Stupid for him to have come here alone at night. He fished for his phone. But who would he call?

Taggert?

Who knew how long it would take for her to get here?

And if she did manage it she’d be outgunned and end up dead like him.

911?

He remembered what she’d said about that.

They’d get here tomorrow to take pictures of the body. What was left of it.

He put the phone away.

“You better come out, Robie,” said Sara, a touch of nervous triumph now in her voice. “They got you surrounded,” she added, her voice quavering. “Should’ve offered to pay me more than three hundred!”

“Shut up, bitch!” yelled the man. He slugged Sara with the butt of his gun. She screamed and fell to the ground, holding her head where he’d struck her.

The man pointed his gun at her.

“Robie, you got ’til the count of five and then she’s dead.”

“How about you being dead too, then?” replied Robie. He lined up his iron sights on the man’s face. There was just enough moonlight to make this an easy kill.

“I’ve got lots of guns aimed at her, Robie. Even if you kill me, she’s dead. And when you fire you reveal your position.
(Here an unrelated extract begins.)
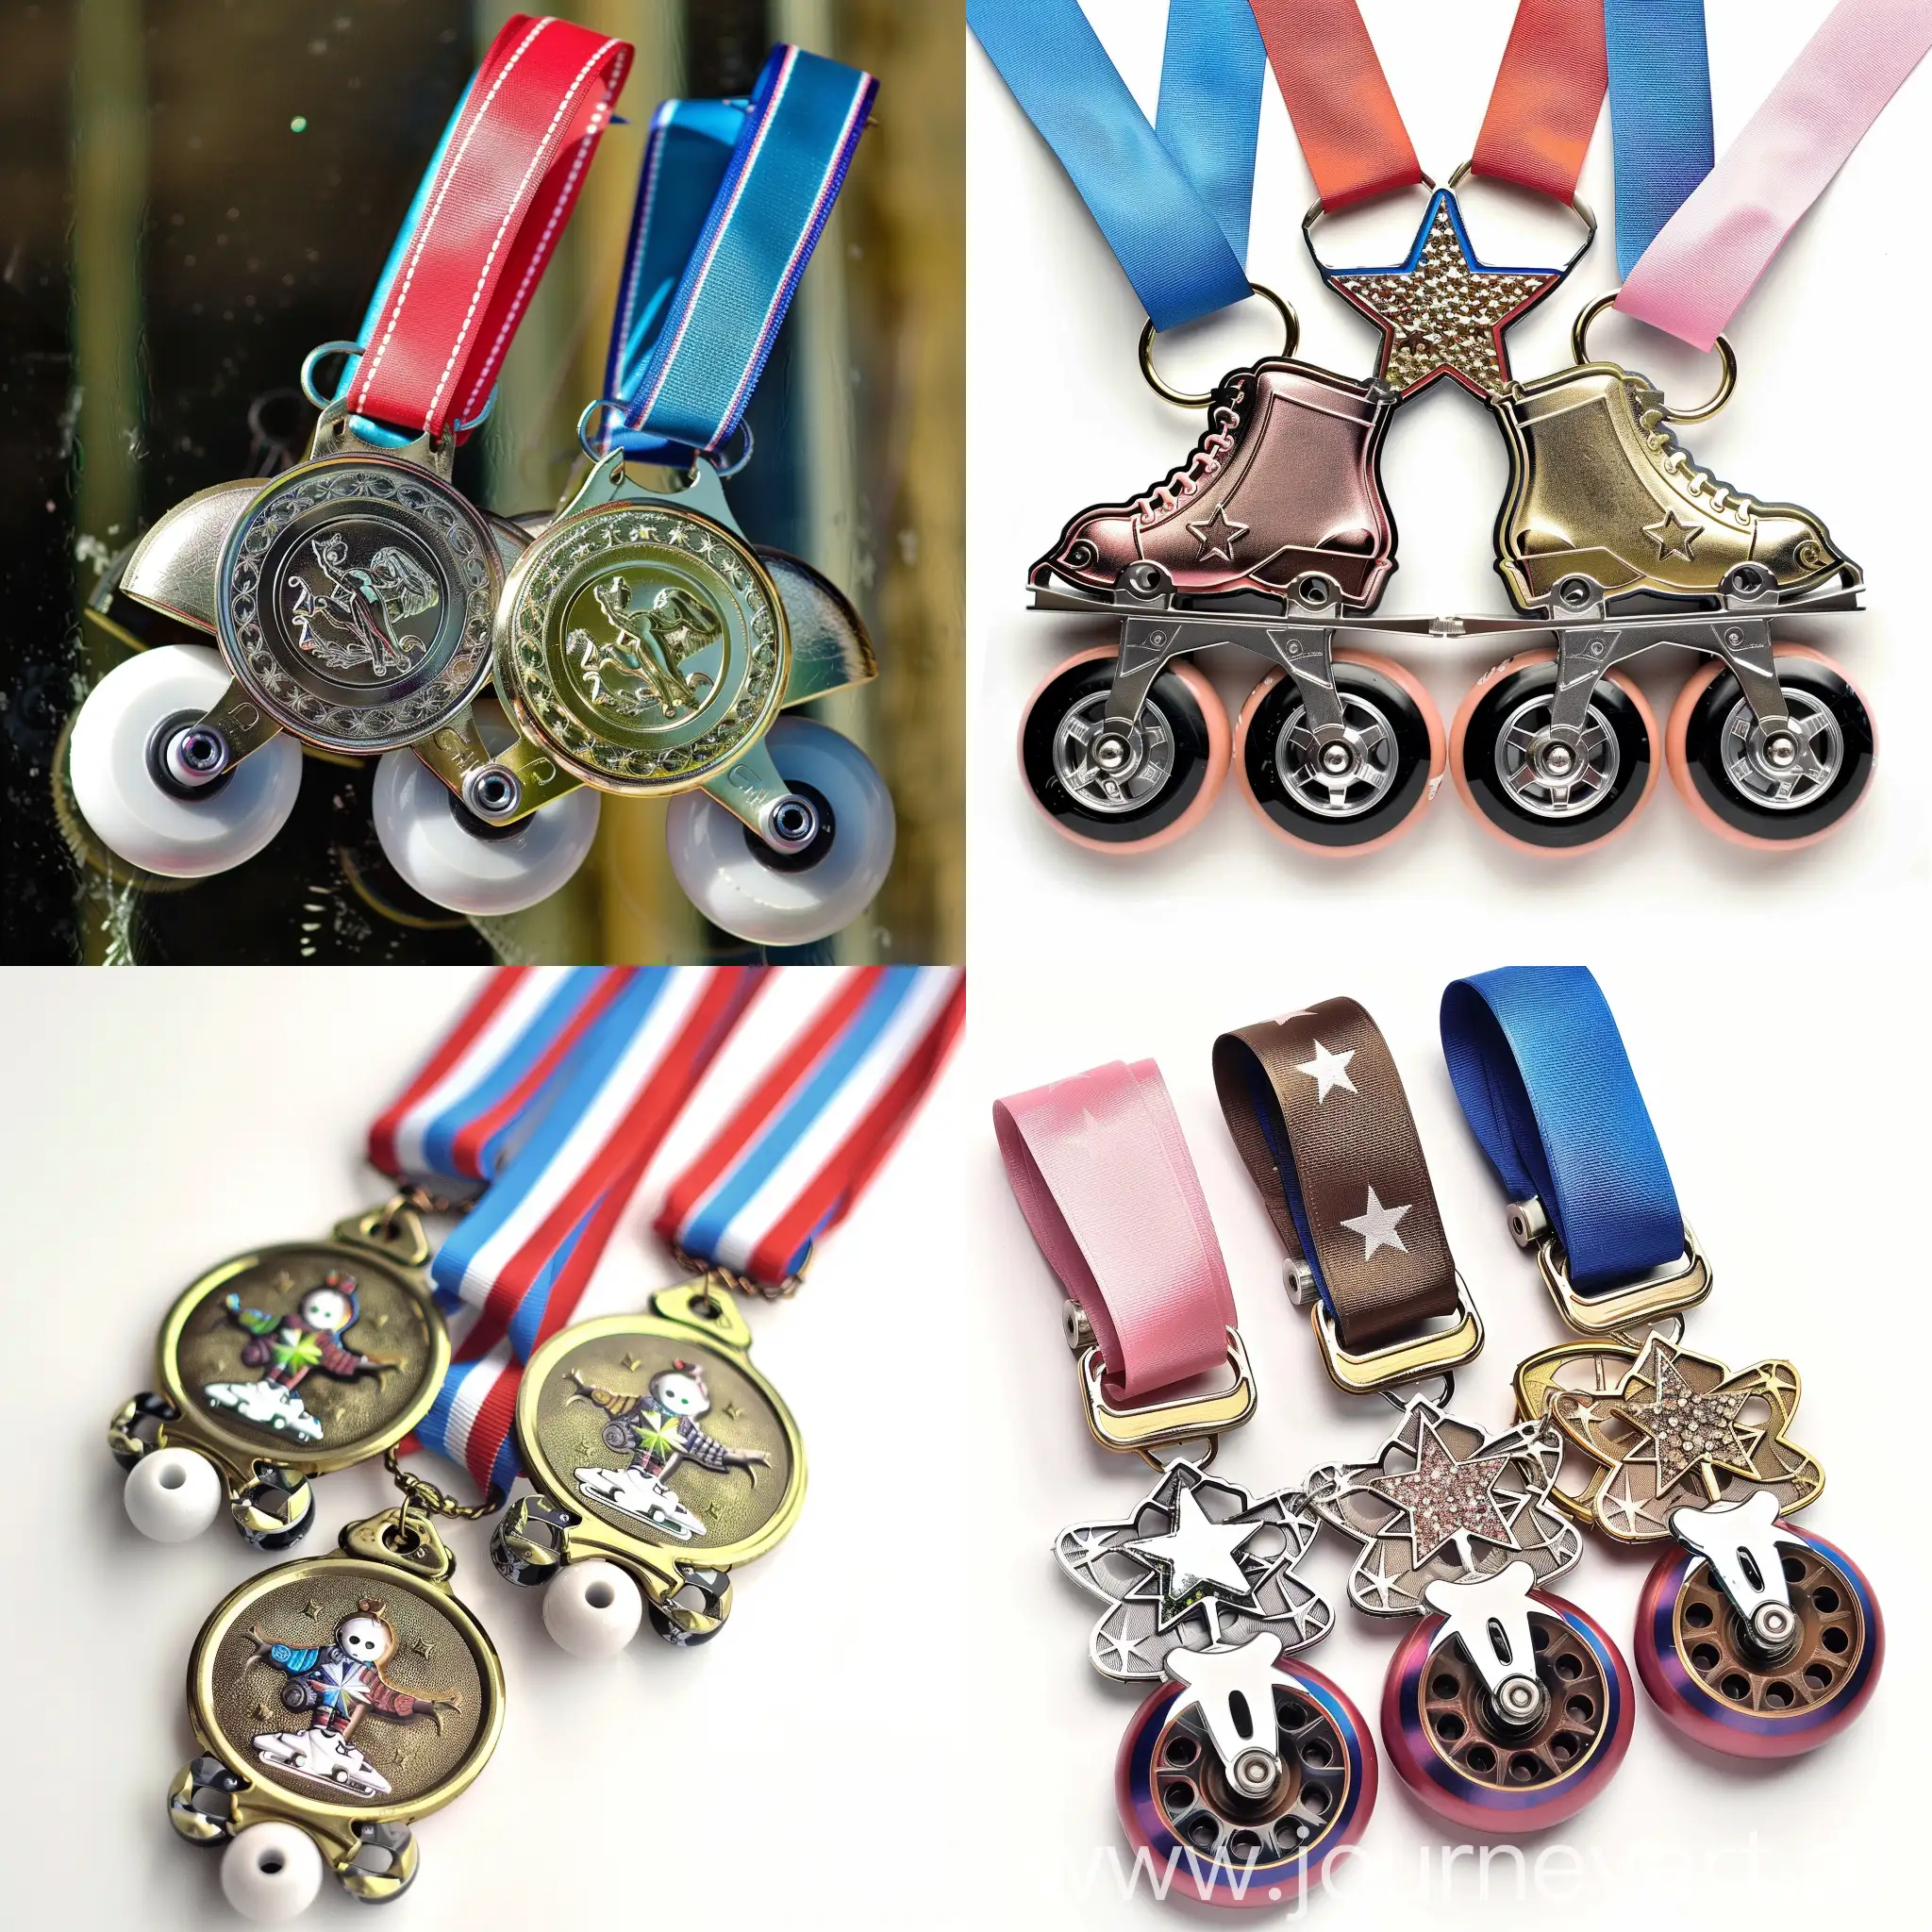 Roller skating medals for kids
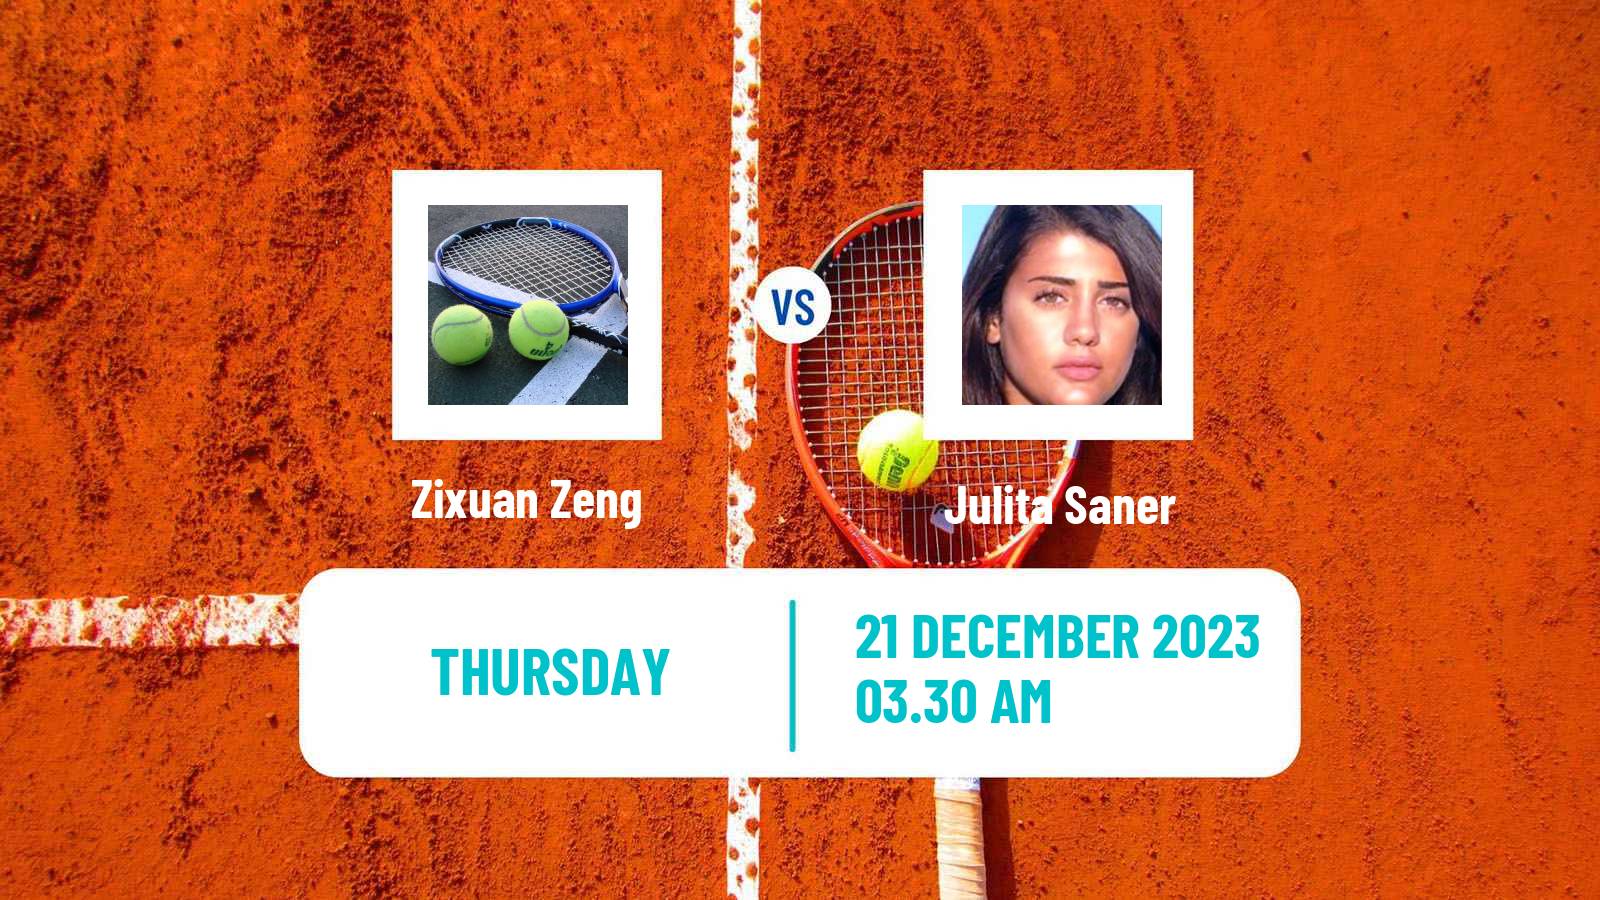 Tennis ITF W15 Monastir 43 Women Zixuan Zeng - Julita Saner

And then you’re dead.”

“Looks like I’m dead either way, so why not take you and as many of your boys with me as I can?”

“Because if you come out with your weapon down I’ll let her go.”

“Bullshit.”

“Please, Robie,” sobbed Sara. “Please do it. They’re goin’ to kill me!”

“You were dead the minute you did the deal with them.”

She shrieked, “Robie! I don’t want to die!”

Robie was on the move. If the head guy was in the middle of the clearing he figured he had deployed his troops in a circle around that area, which would include where Robie was right now. If they had come in from the direction Sara had stepped from, that meant the guns assigned to get in behind Robie were the farthest away and probably still getting into position.

He did not intend to allow that to happen.

He encountered the first sentry thirty seconds later.

The man had a gun and a knife.

Robie stripped him of the gun and used the knife to slit the man’s throat. He laid him quietly on the dirt and turned to his left.

“Robie, I’m going to shoot her in three seconds unless you walk out here.”

“Kill her. Then you have no more leverage. Then I’ll kill all of you. Guaranteed.”

The man gripped the gun more tightly and looked around the dark woods. His confident look slowly fell away as though he had just realized his costly miscalculation. “One…”

Robie slipped to his left, passed by a tree in a low squat, found the second sentry anxiously peering around in suit and polished shoes, and snapped his neck cleanly. He laid this man down, too.

“Two…”

“Robie, please!” screamed Sara.

“Okay,” said Robie. “I’m coming out.”

He stepped toward the clearing, aware that as soon as he stepped into it a number of weapons would be pointed his way.

He had one gun in hand, his backup in the small of his back. And a knife palmed on the inside of his left hand.

He stepped into the clearing and looked over at the man and then down at Sara. The girl was trembling all over. When she saw Robie, she said, “Thank God.”